Brian Goldsmith is an associate producer for the CBS Evening News, based in New York.
(AP Photo/Pablo Martinez Monsivais)
As I watched what Al Franken famously called "HANNITY and colmes" after the GOP presidential debate last night, it occurred to me that what I'd just seen was less a debate about the Republican future than a debate about the Republican past. Two of the Big Three both hail from the Bush wing of the Republican Party. They just each represent a different Bush. Temperamentally and ideologically, John McCain and Mitt Romney were as close, and as far, from each other as father and son.

Senator McCain—by emphasizing bipartisanship and the deficit, supporting "comprehensive immigration reform" and campaign finance reform, and opposing "enhanced interrogation" that he equated to torture—stands for the conciliatory, consensus-building politics of George H.W. Bush and James Baker.
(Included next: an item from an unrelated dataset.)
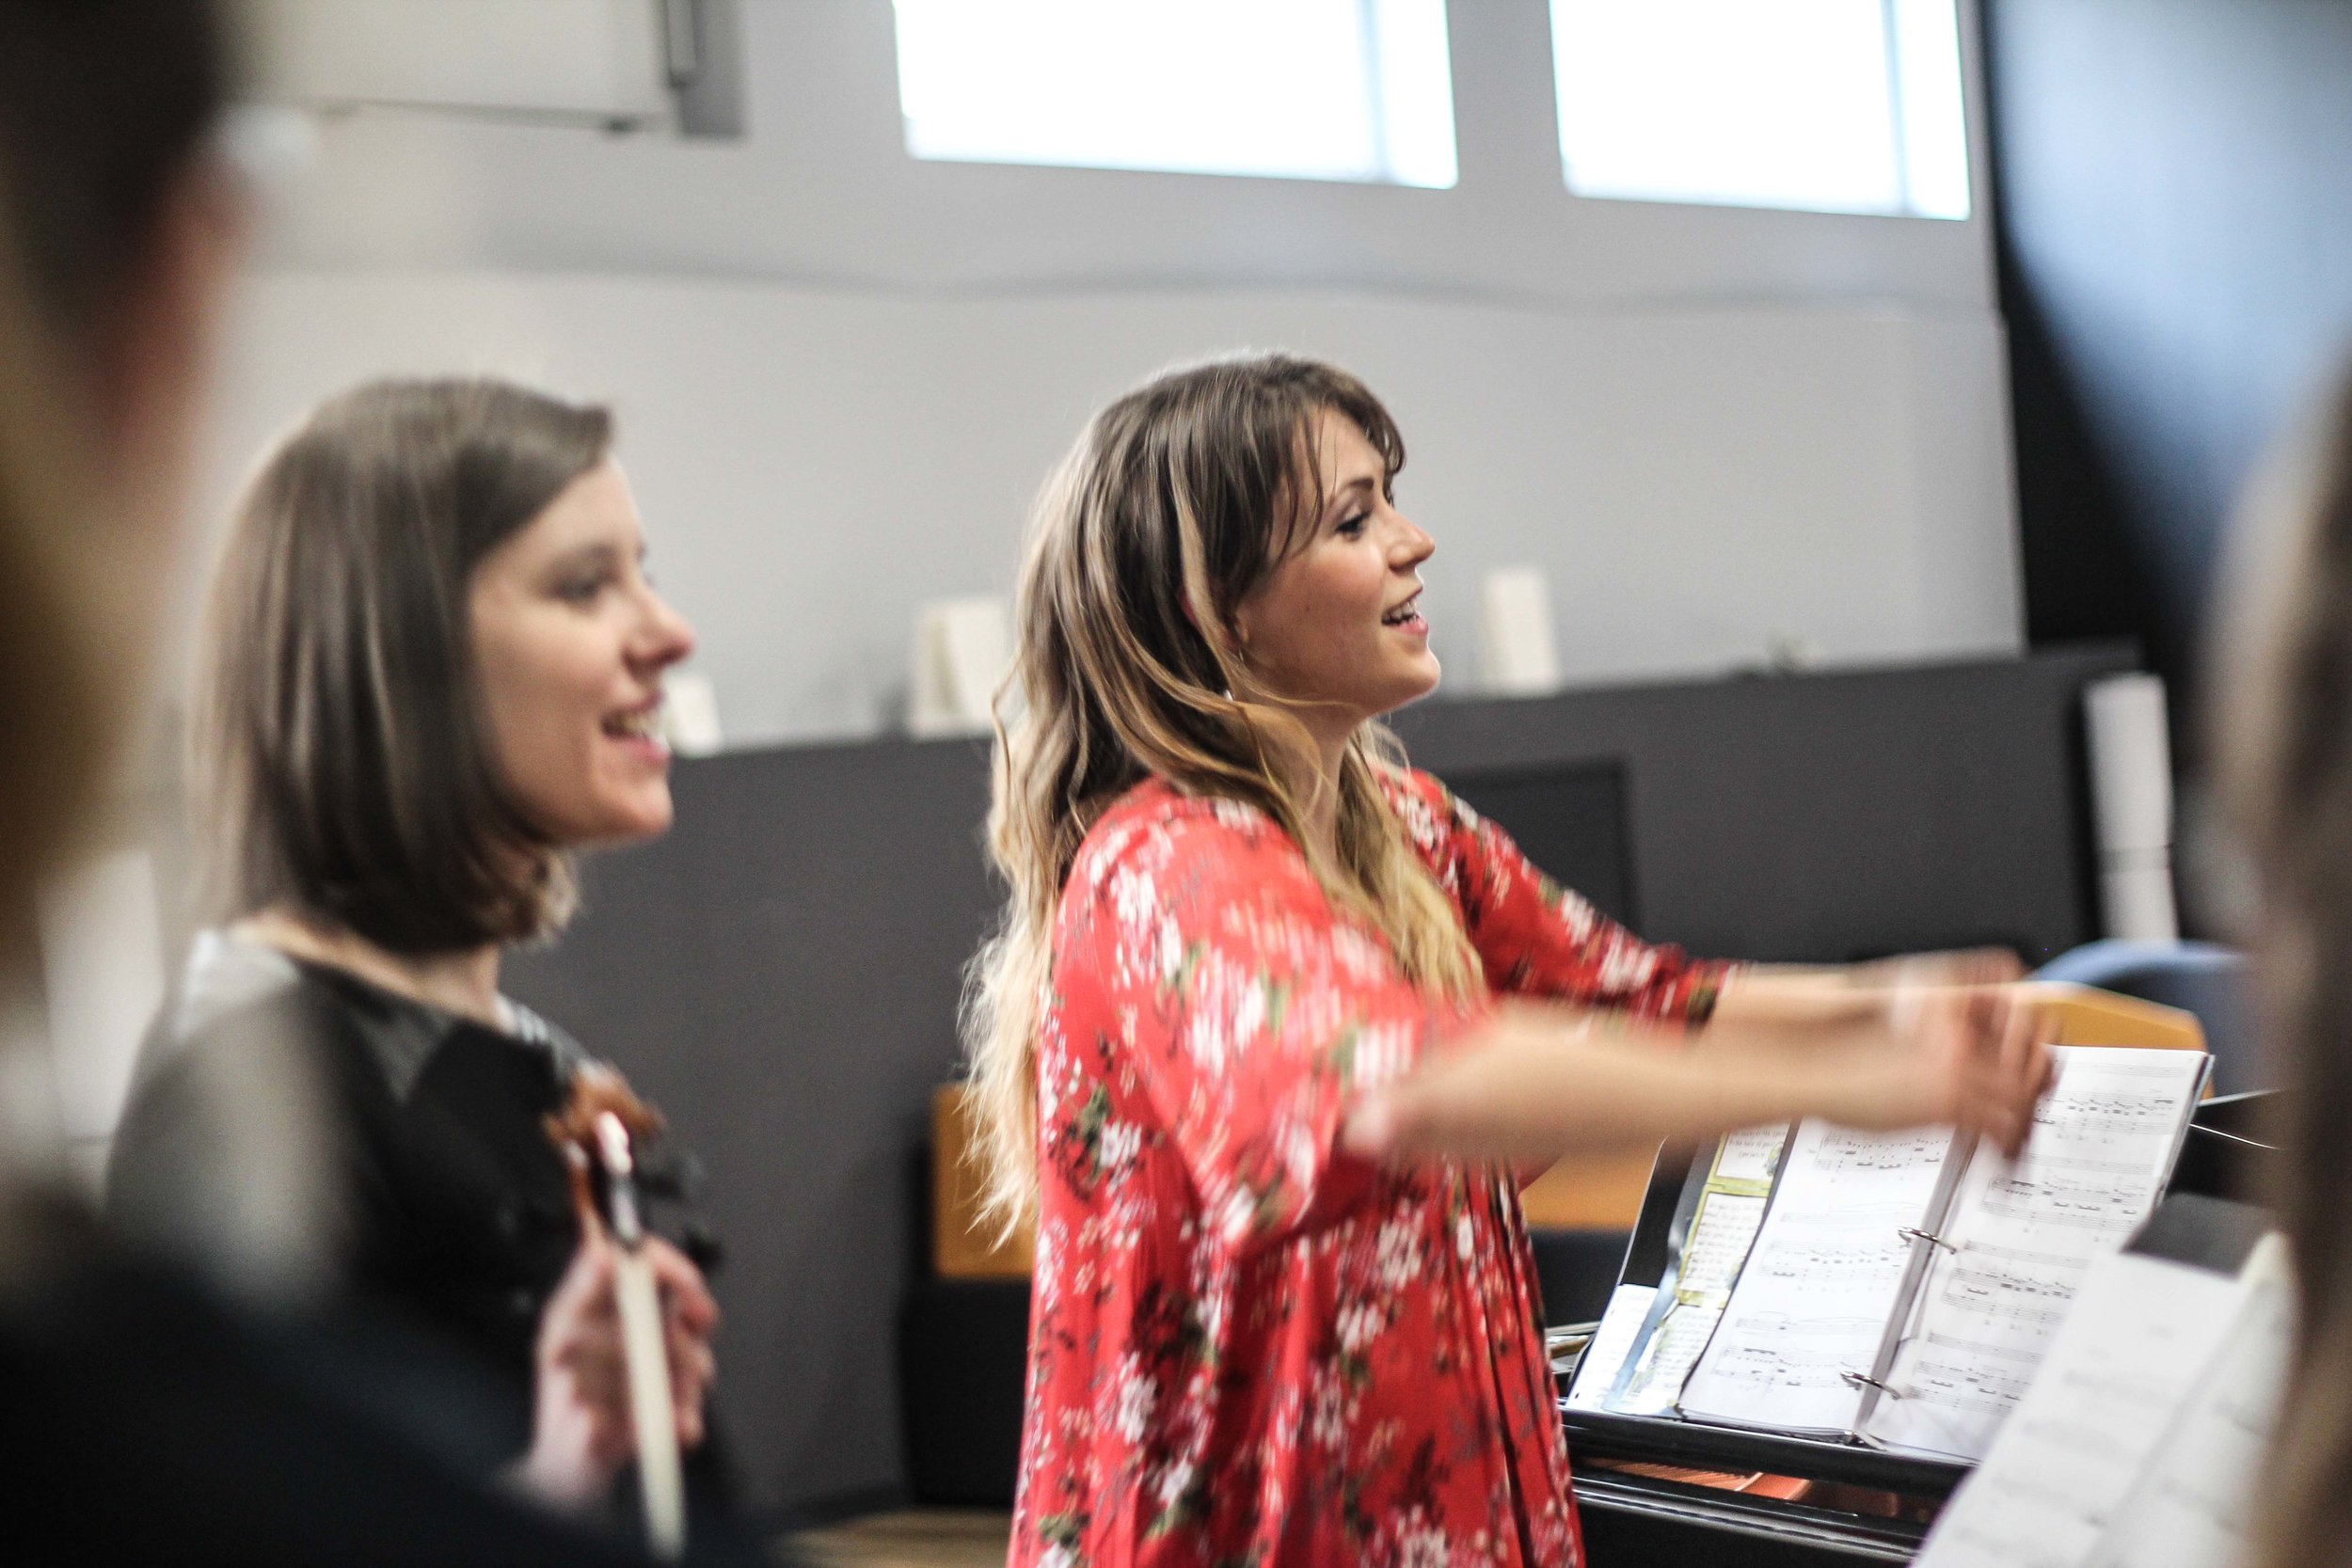 with violist Deanna Anderson masterclass at La Côte International School Aubonne, Switzerland
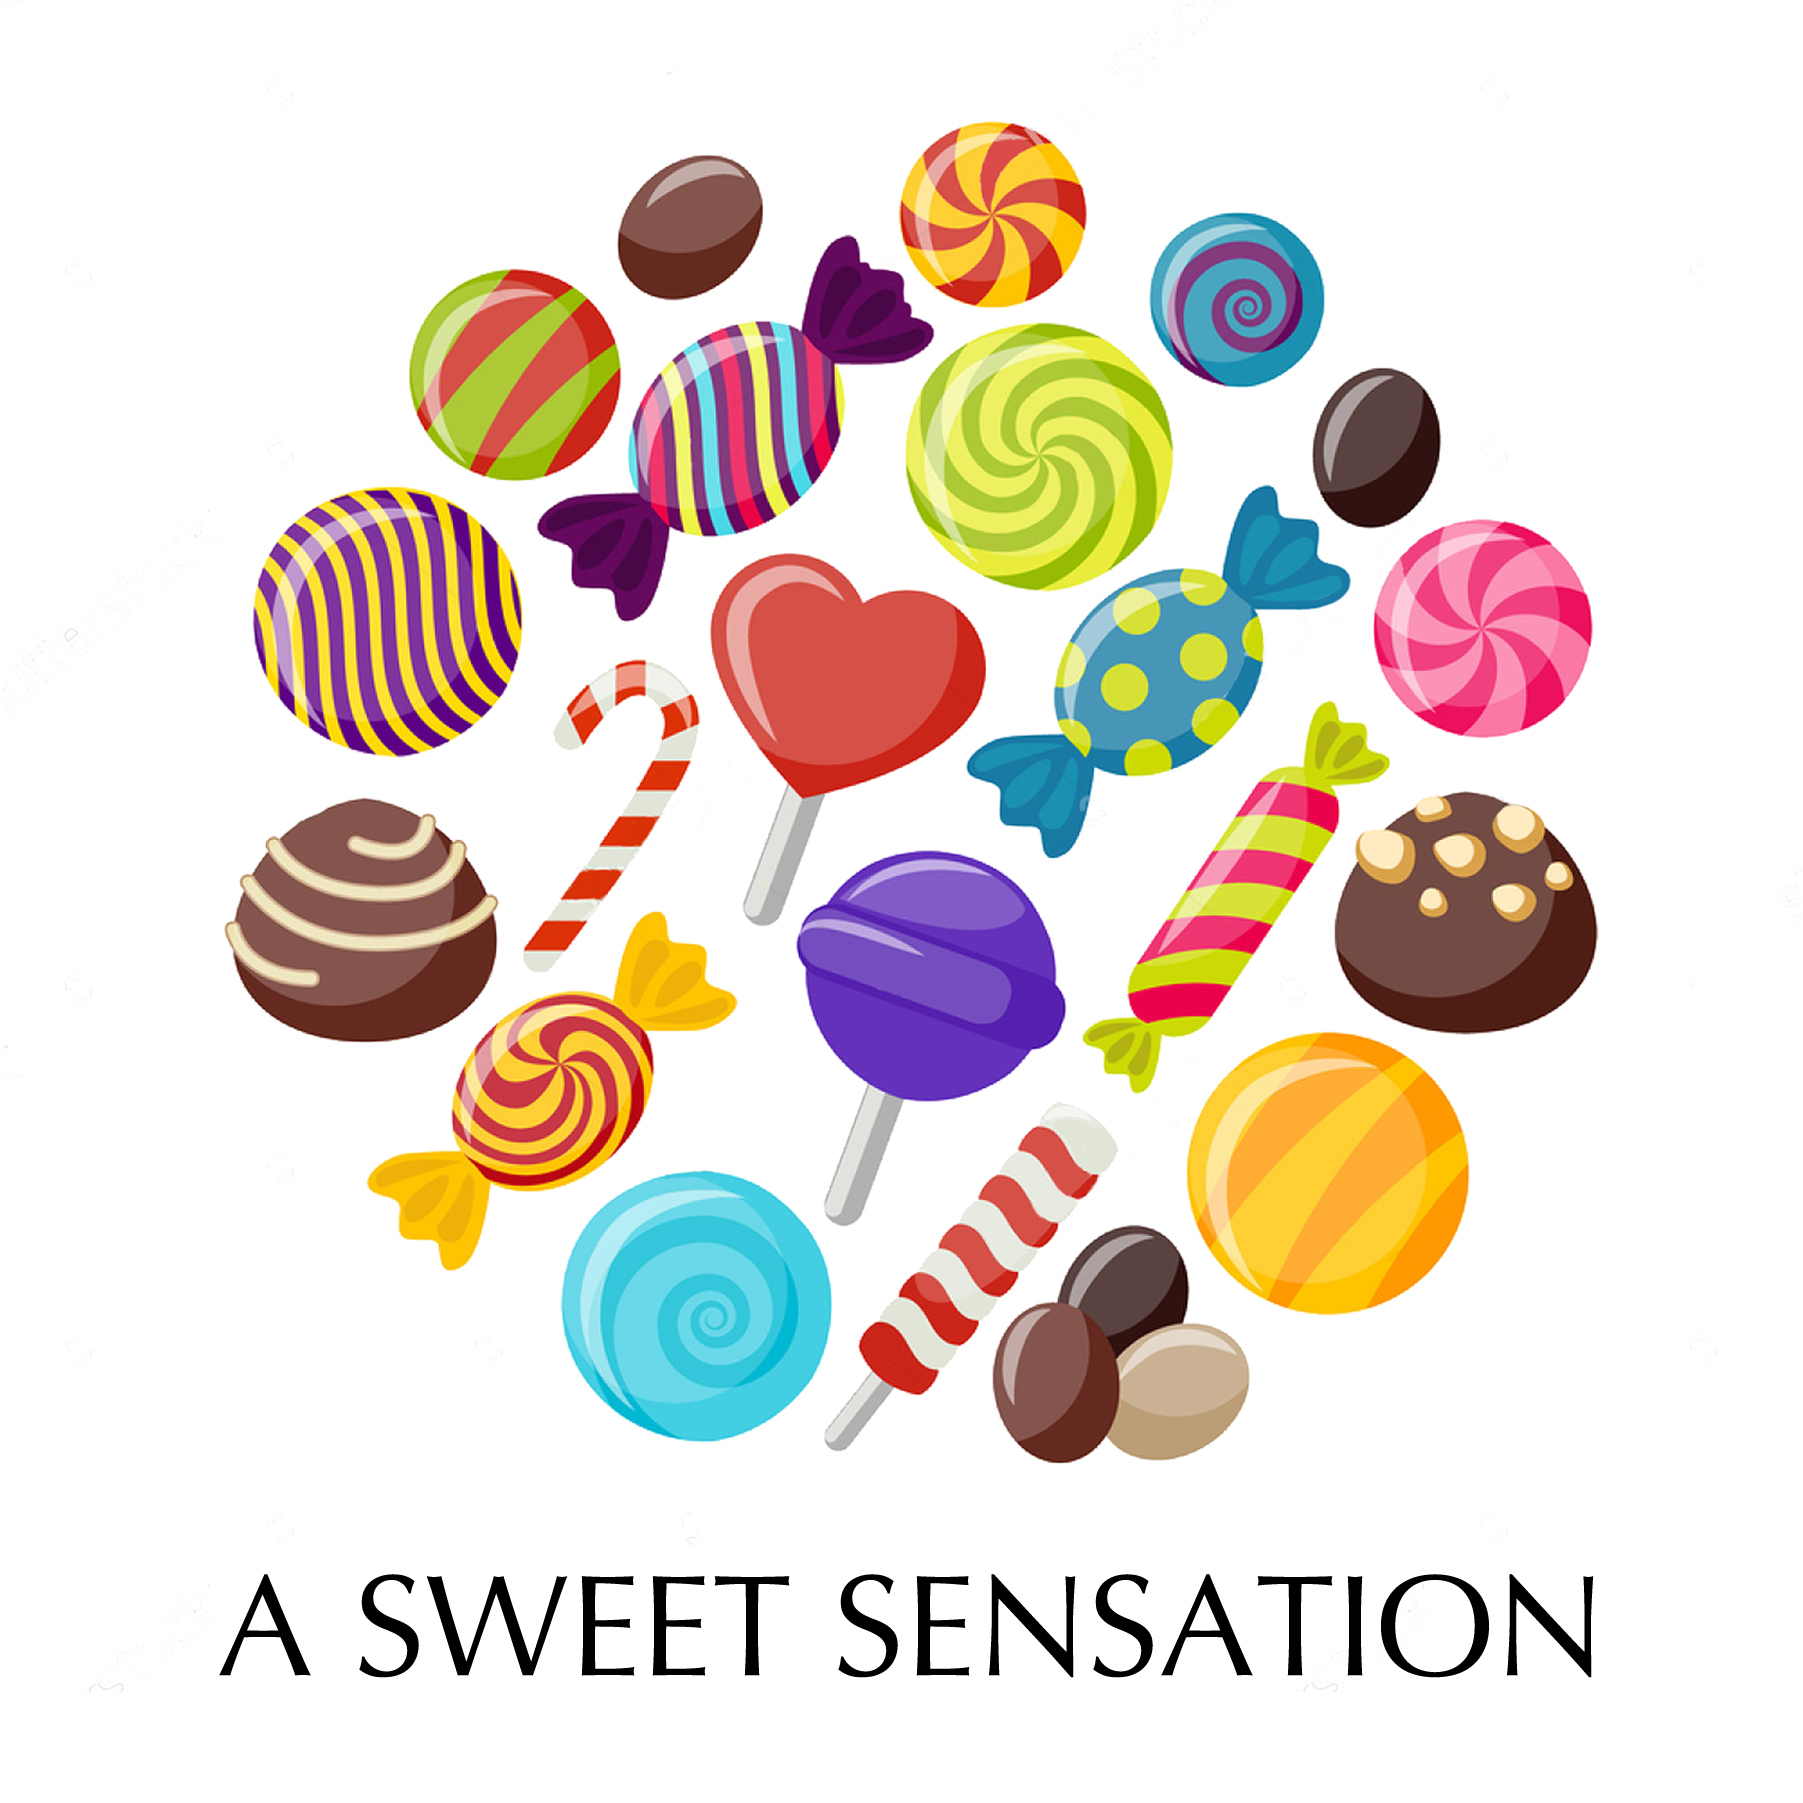 A Sweet Sensation

That doesn't mean he won't attack his opponents; his I-don't-change-my-positions-in-even-numbered-years line sliced like a Ginzu. But it's not his preferred MO, and it usually comes in the form of a counterattack.

Governor Romney—by emphasizing "conservative principles," MBA management, doing whatever it takes to defend America, and cutely but savagely attacking his opponent with buzz words like "amnesty," "sanctity," "Kennedy," and "Feingold"—stands for the divide-and-conquer politics of George W. Bush and Karl Rove. He jumped at the chance to slam McCain—and even his positive message about three legs necessary for the Republican stool (strong families, strong military, strong economy) is an implicit jab at his opponents.

(Rudy Giuliani, by the way, is an interesting amalgam all his own: more hawkish than Wolfowitz on national security, as conservative as Forbes on the economy, but Evan Bayh on social issues. And, as his attempt at an "I paid for this microphone"/"You're no Jack Kennedy" moment with Ron Paul demonstrated, he would be absent from the stage were it not for 9/11.)

The larger question is: Having lost the Congress, having sustained a president with sub-30% approval ratings, having endured war and scandal and disappointment, will Republican primary voters believe now is the time to compromise, or now is the time to fight?